At the base of the hill there is an apotropaic site, where people stop at a metal piece in the ground, and perform a ritual known as "kicking the bar", using the soles of their feet. The origin of this custom is unknown, with researchers having several theories as to its origin.

==Human history==
From medieval times up until the early twentieth century, Constitution Hill was the site of several large quarries which, along with others in the area, provided much of the stone required to build the town of Aberystwyth including its castle.
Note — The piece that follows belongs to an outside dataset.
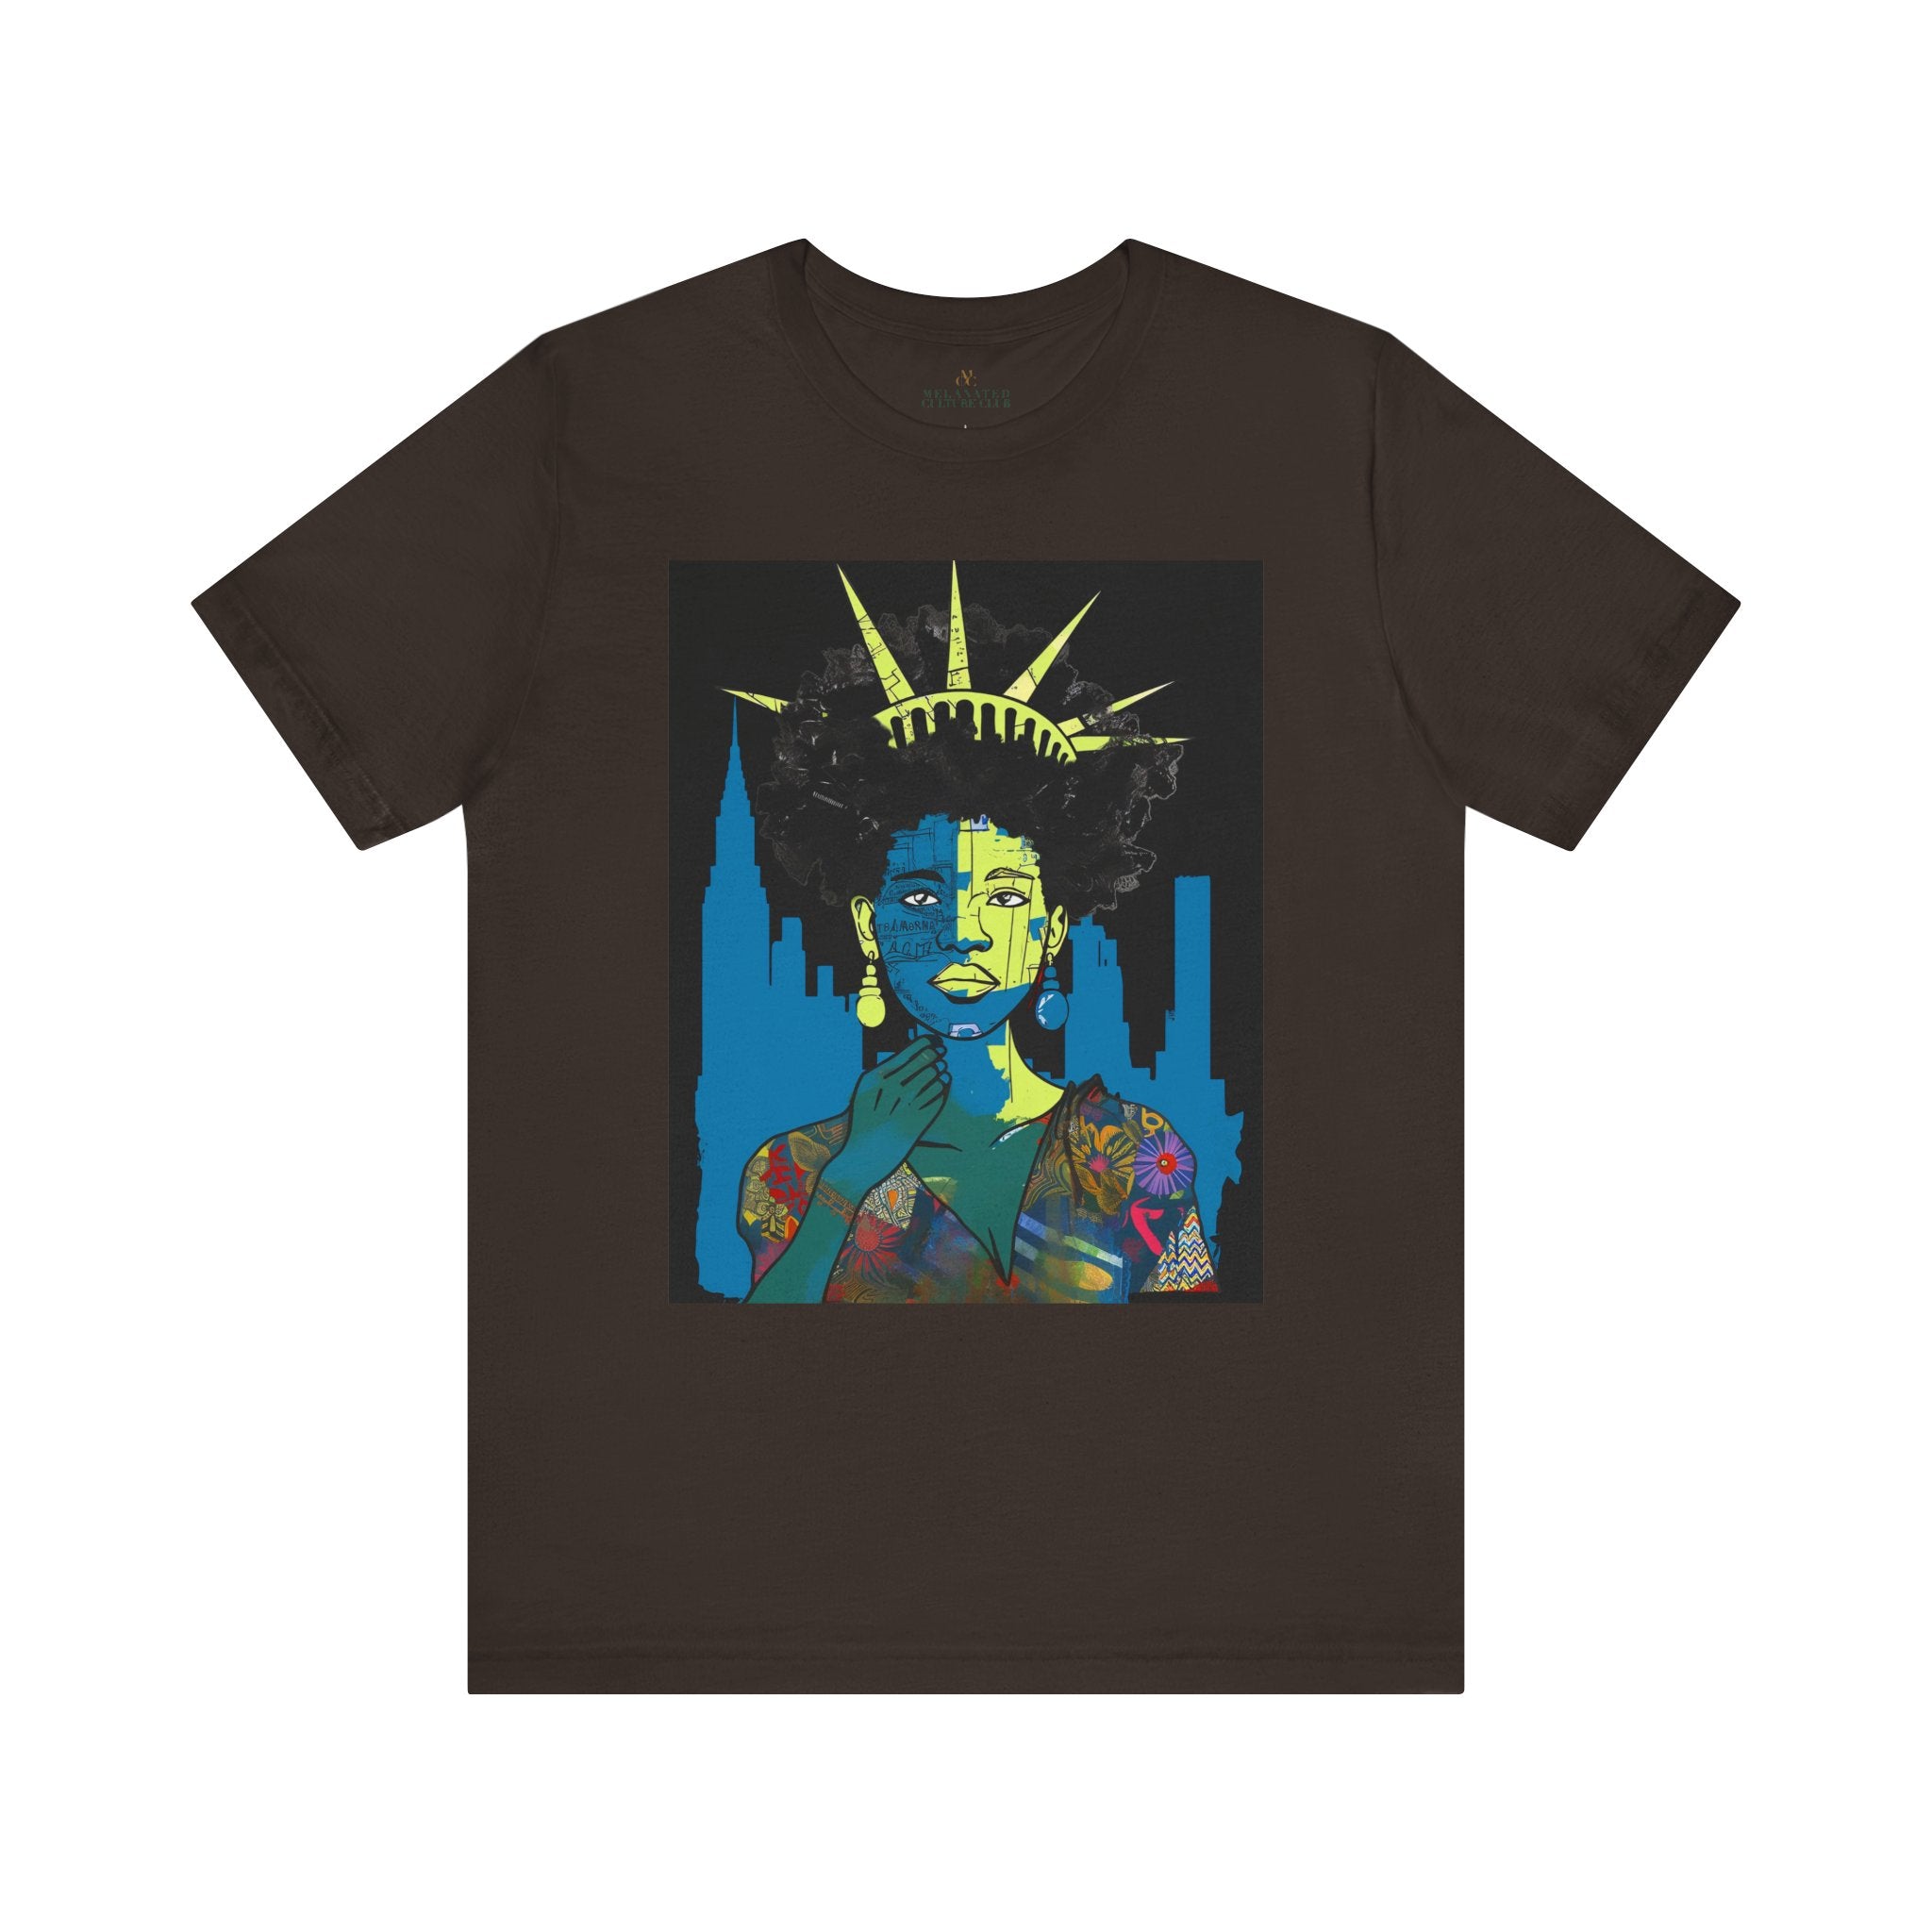 Black Woman Art Statue of Liberty Tee in brown - Style 12

In 1895 the Aberystwyth Improvement Company was formed, a business venture with the goal of developing the hill for leisure and tourism. The company was financed by businessman George Newnes and the project to develop the hill was engineered by George Croydon Marks. The company developed the hill extensively over the following years, including the construction of a restaurant and arcades at the bottom, a theme park called Luna Park and the original camera obscura, and the Aberystwyth Cliff Railway. The Luna Park development did not survive long, as successive summers of poor weather in the early twentieth century limited visitor numbers. The railway, which operated over a length of 778 ft on a standard gauge at a gradient steeper than 50%, and opened in 1896, proved more successful. Initially powered by pouring water into a tank in the descending car, it was converted to electric operation in 1921.

The original camera obscura and other Victorian features on the hill's summit were abandoned and became derelict during the first half of the 20th century, and by 1959 only one building remained. The site was redeveloped in the 1980s, with the modern camera obscura and other facilities being built.